---------- Given material ----------
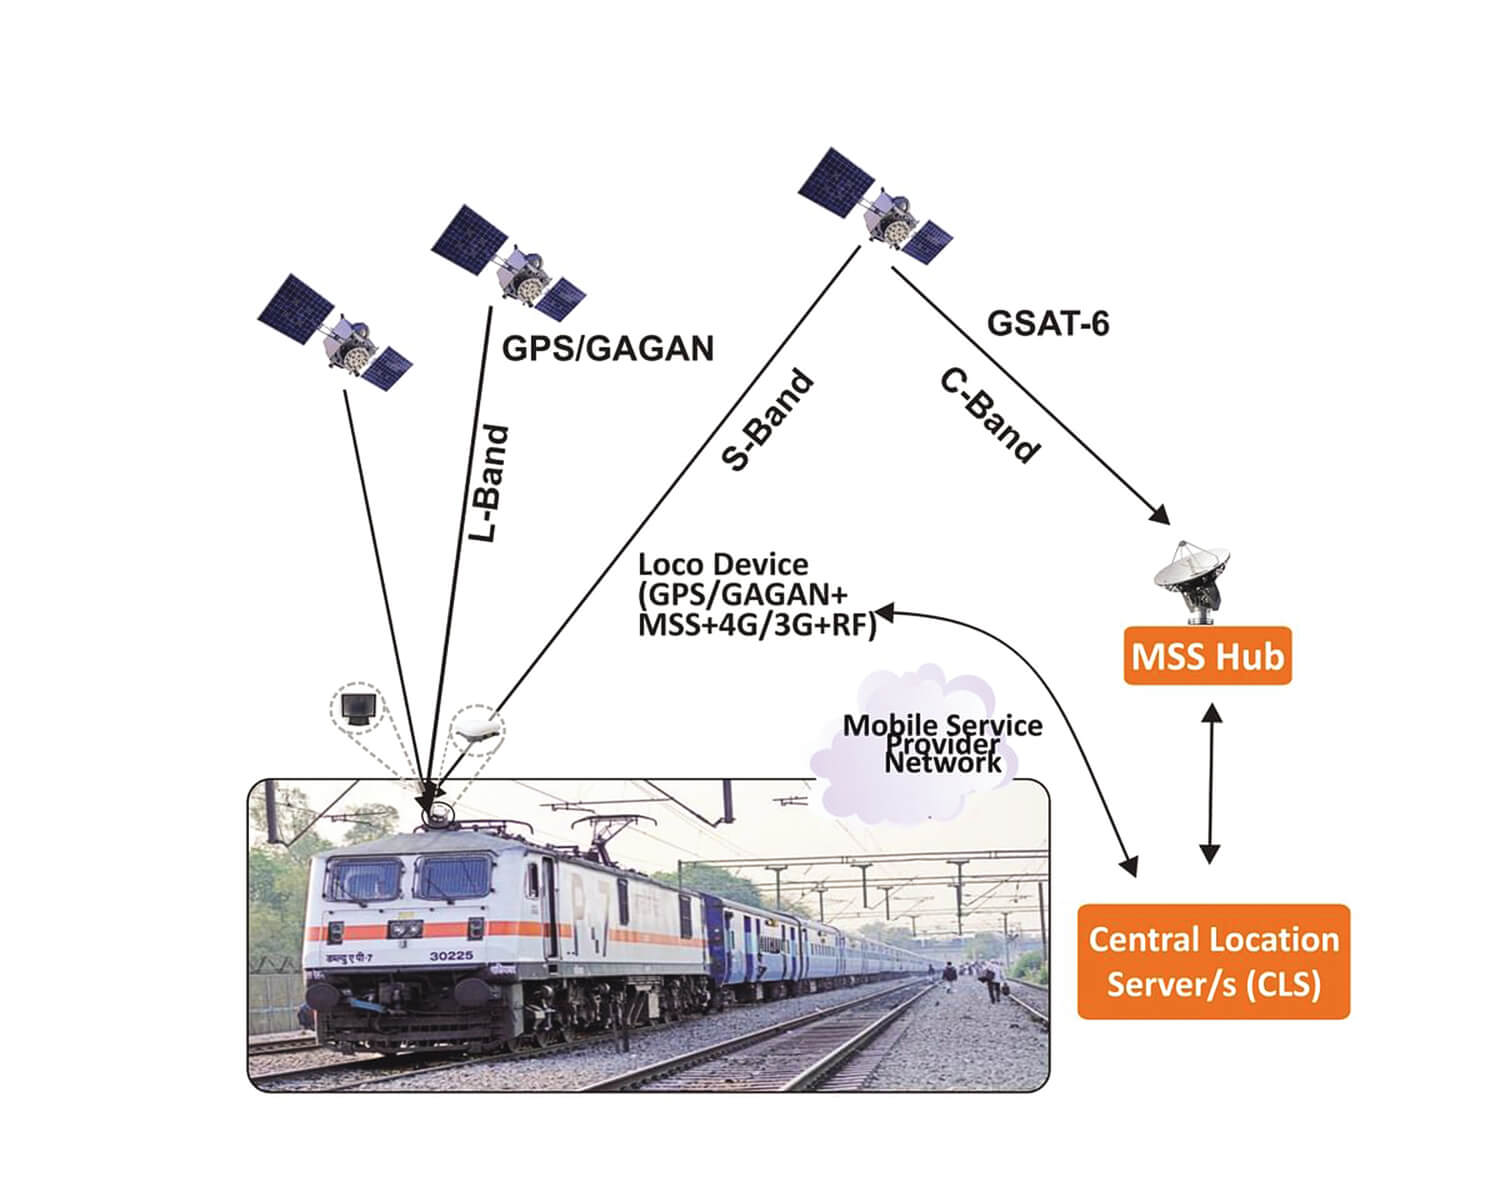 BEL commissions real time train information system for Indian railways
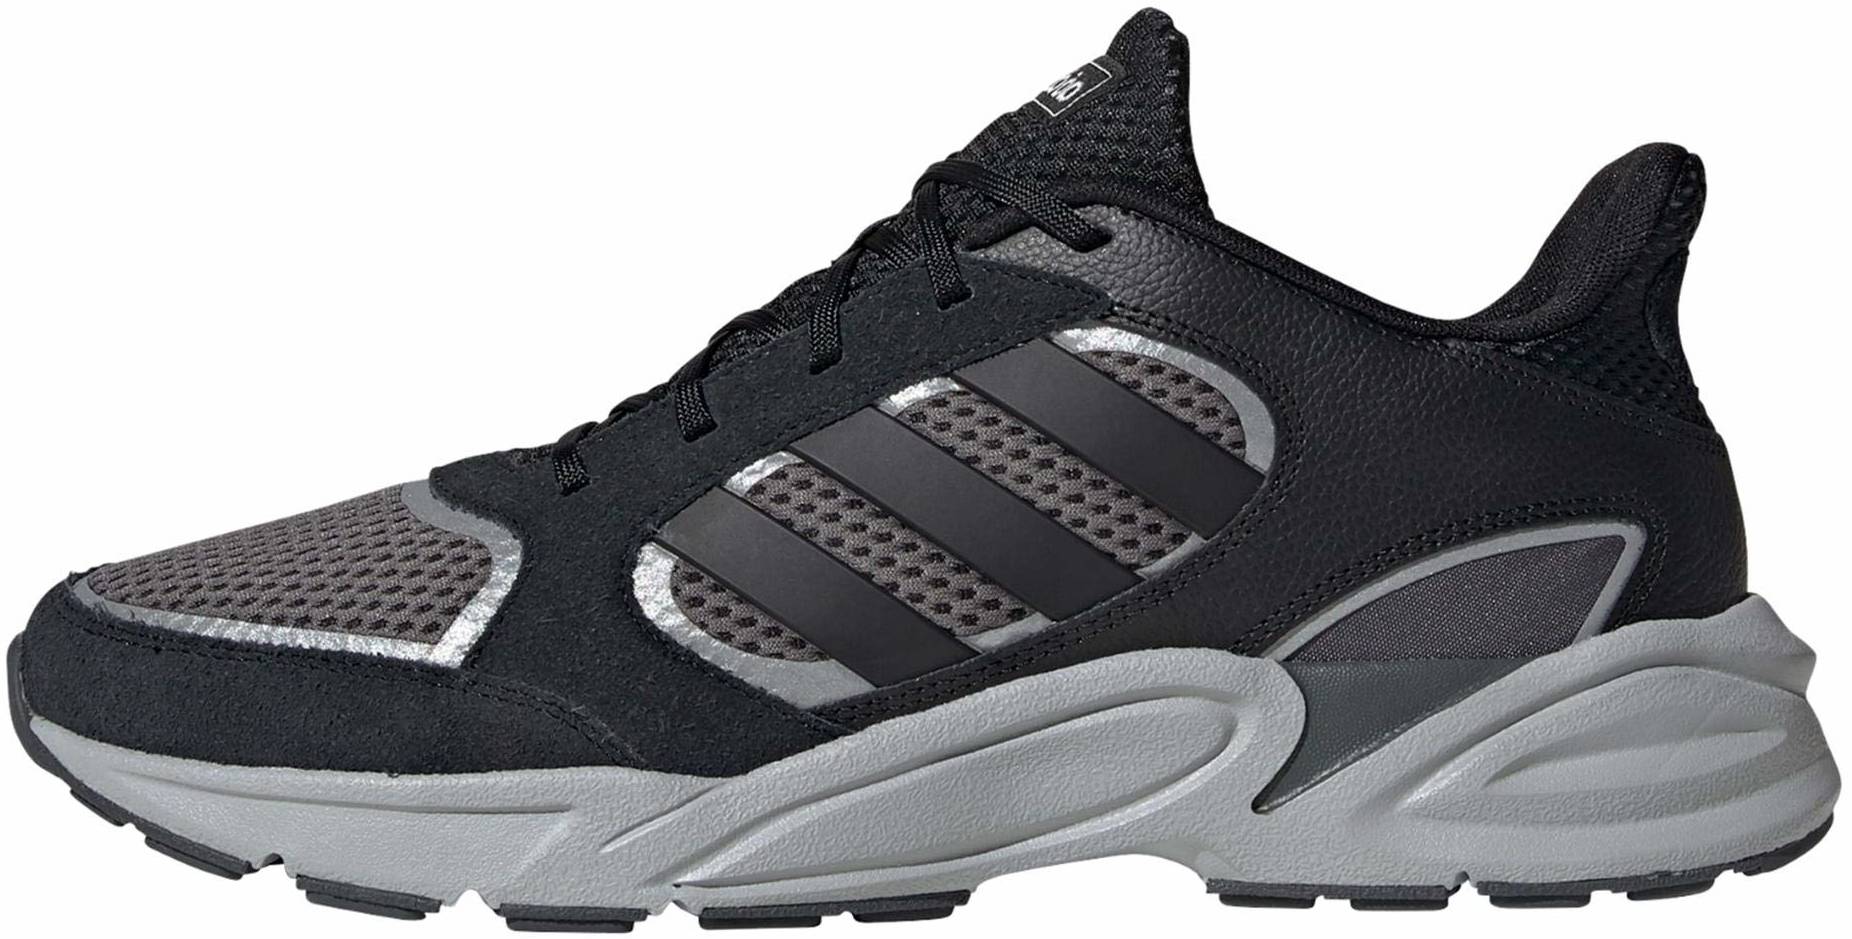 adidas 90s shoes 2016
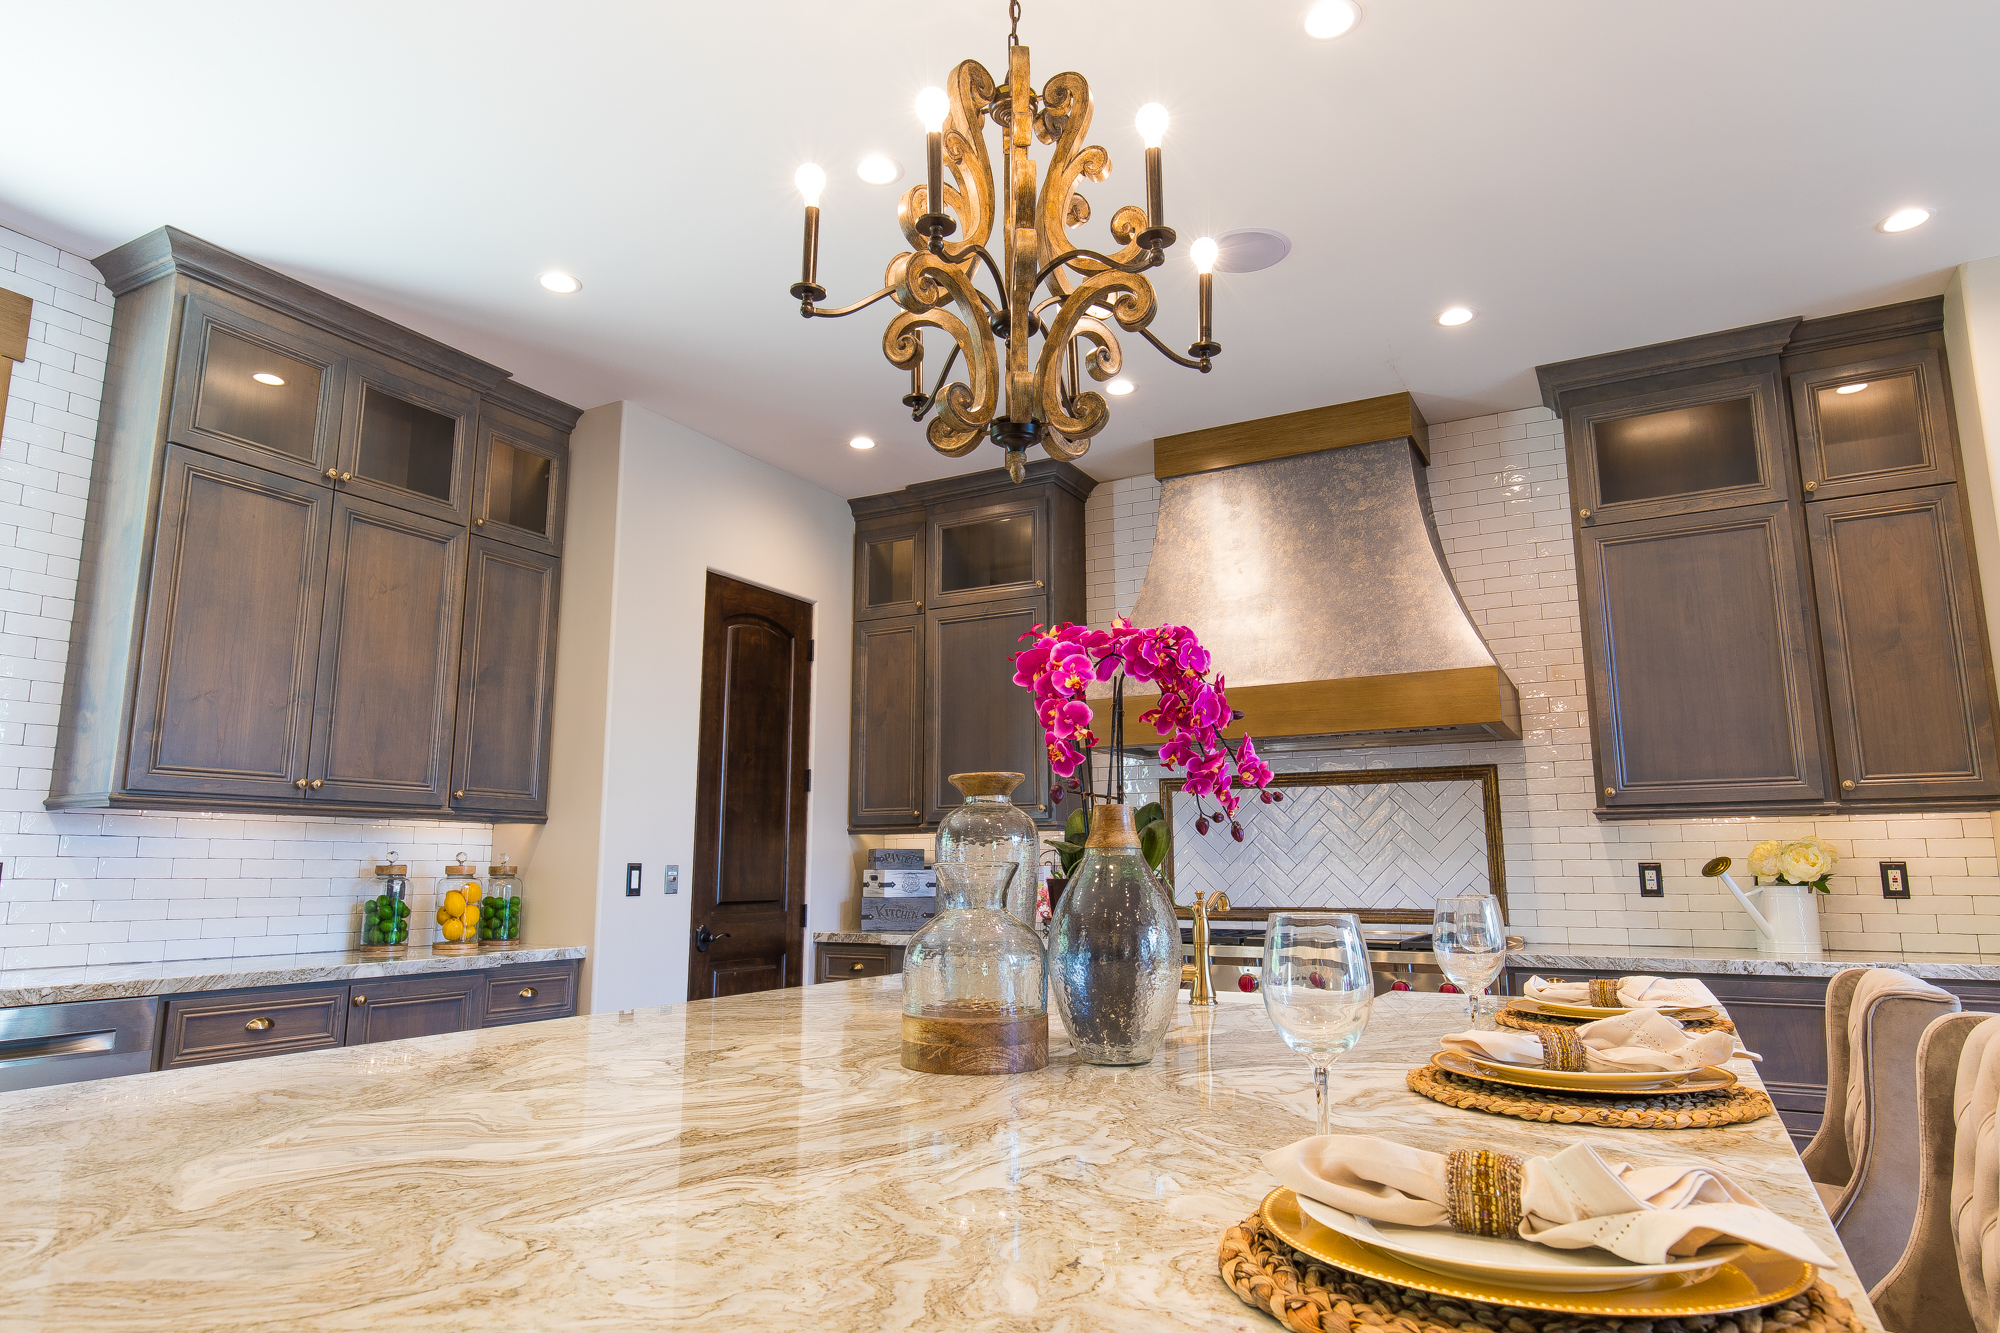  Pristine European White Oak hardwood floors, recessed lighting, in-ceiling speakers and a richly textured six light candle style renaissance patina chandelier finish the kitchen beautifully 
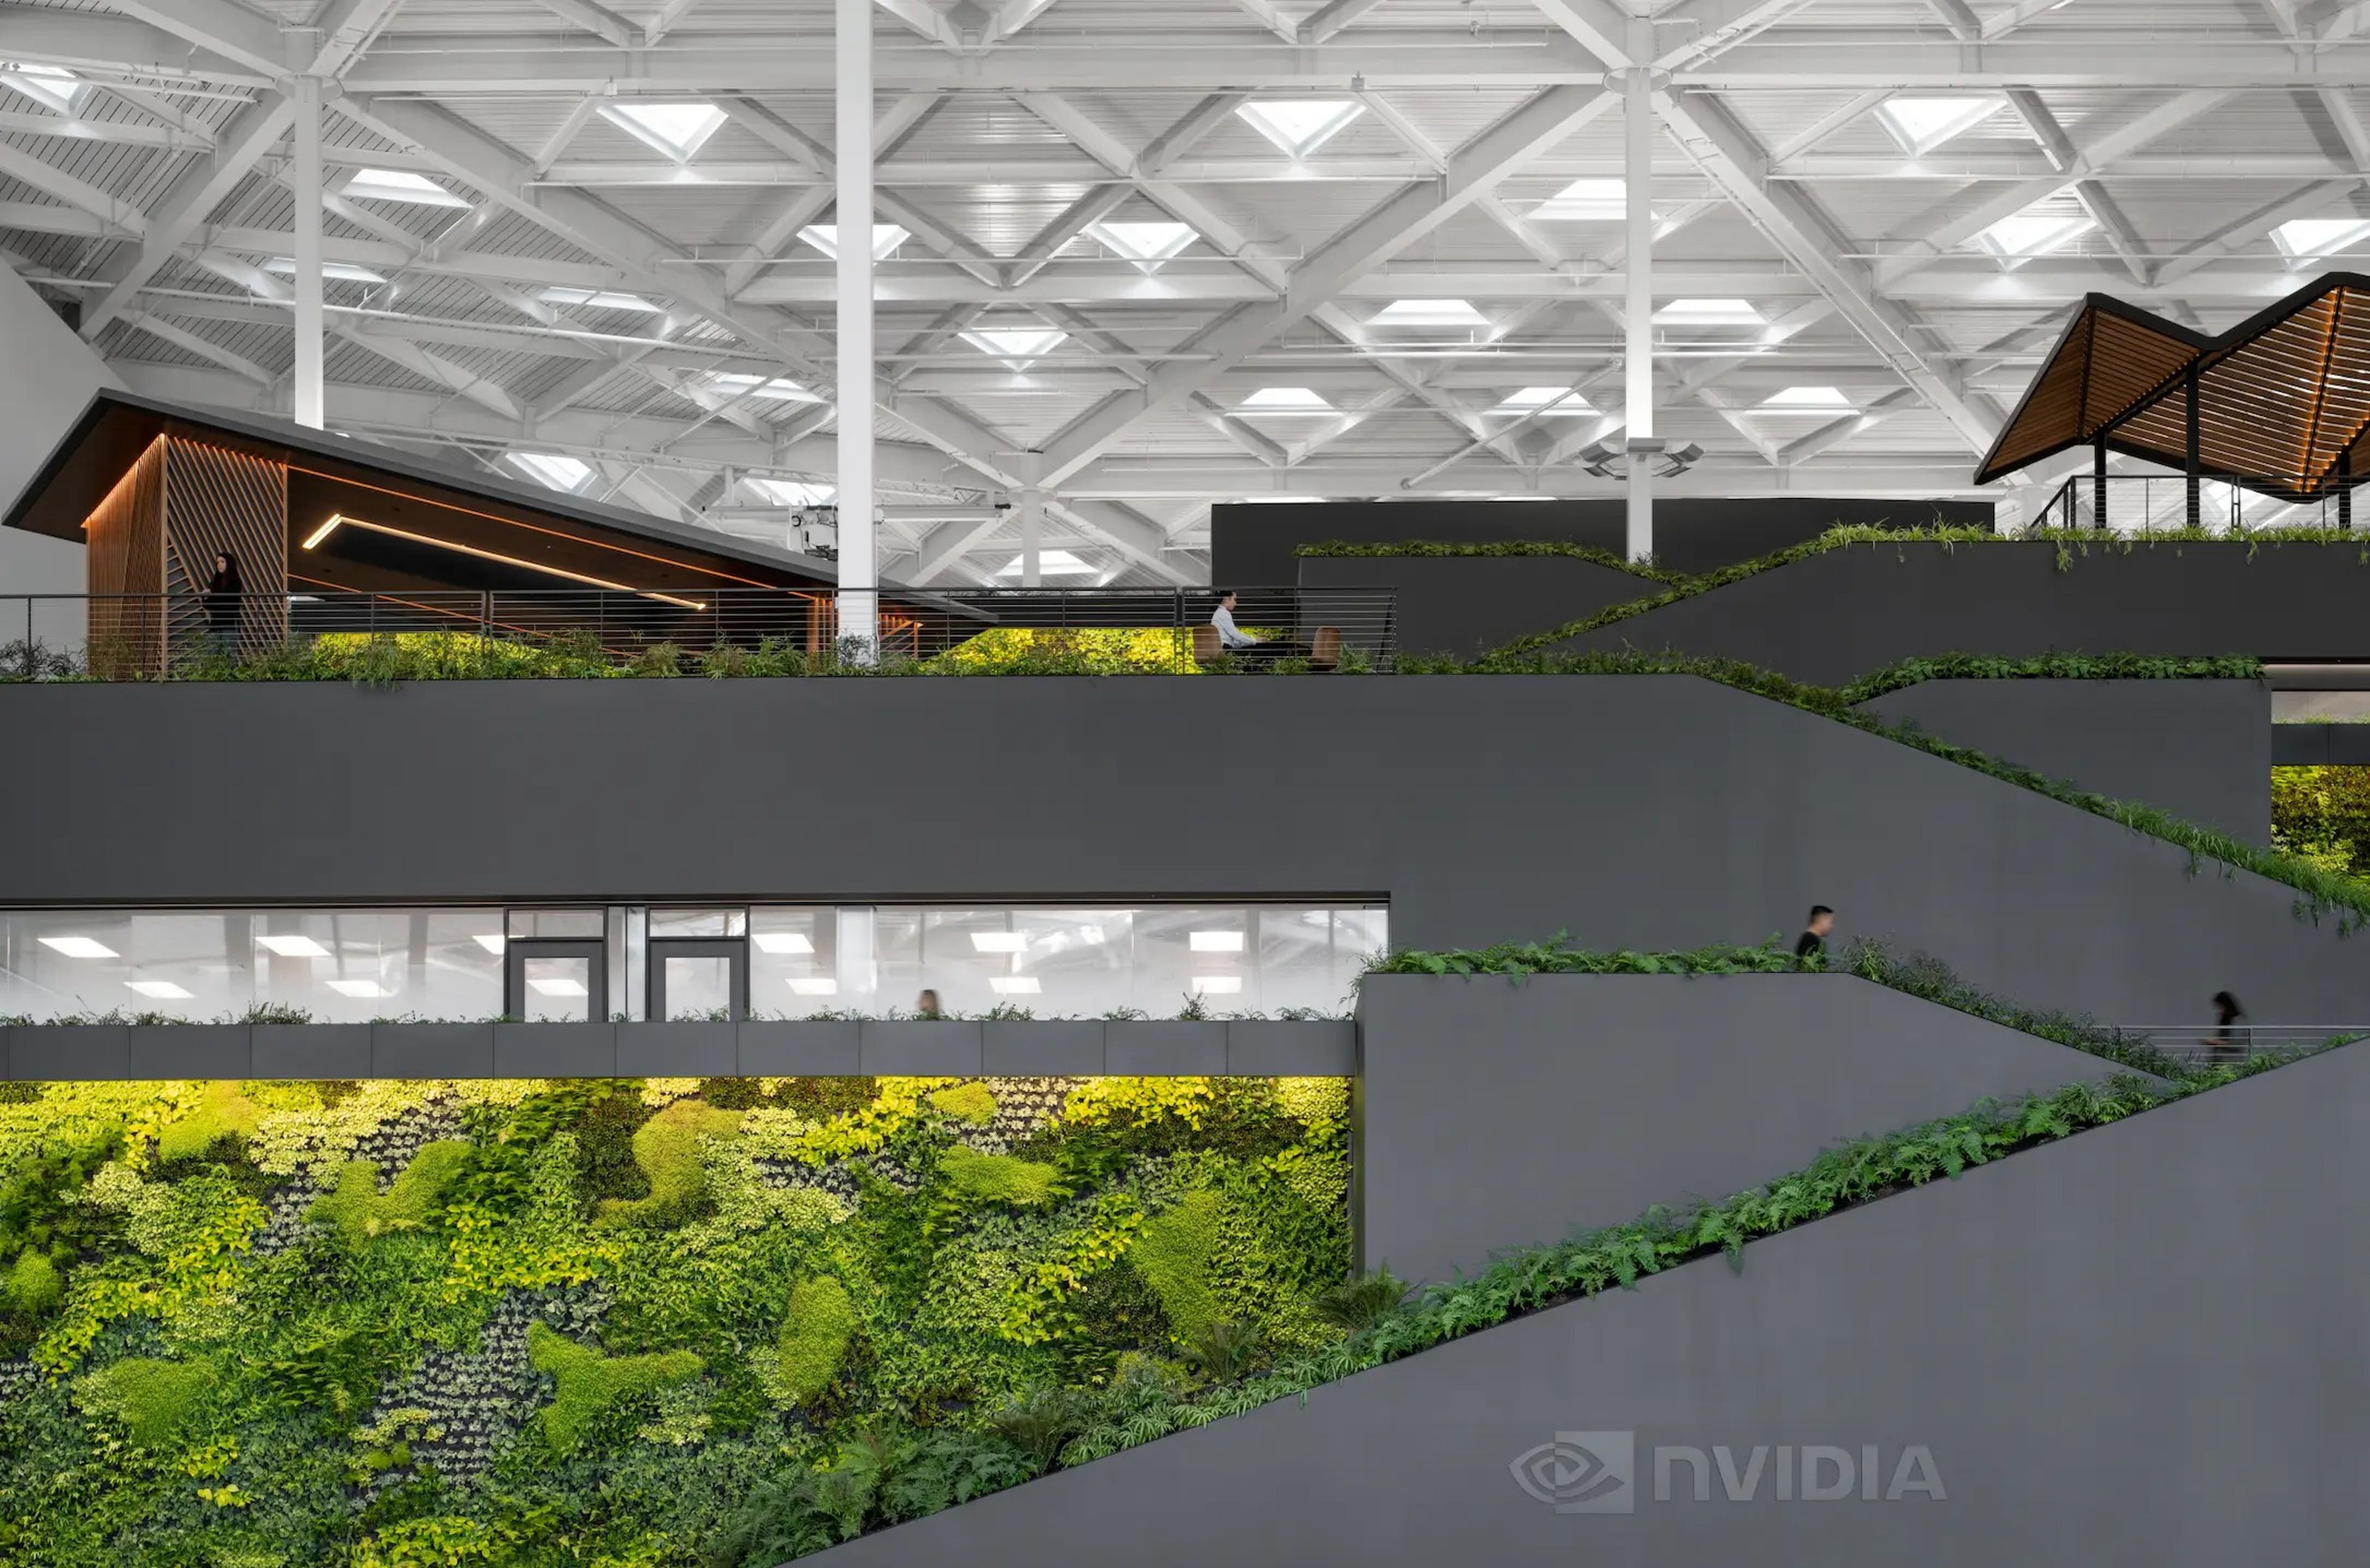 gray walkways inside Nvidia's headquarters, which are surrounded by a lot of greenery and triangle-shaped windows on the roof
----------
* What is needed:
Without any pictures, output exactly the lines from the start of the material through the line that contains "Pristine European White", and only those.

* Exercise result:
 BEL commissions real time train information system for Indian railways
 adidas 90s shoes 2016
  Pristine European White Oak hardwood floors, recessed lighting, in-ceiling speakers and a richly textured six light candle style renaissance patina chandelier finish the kitchen beautifully 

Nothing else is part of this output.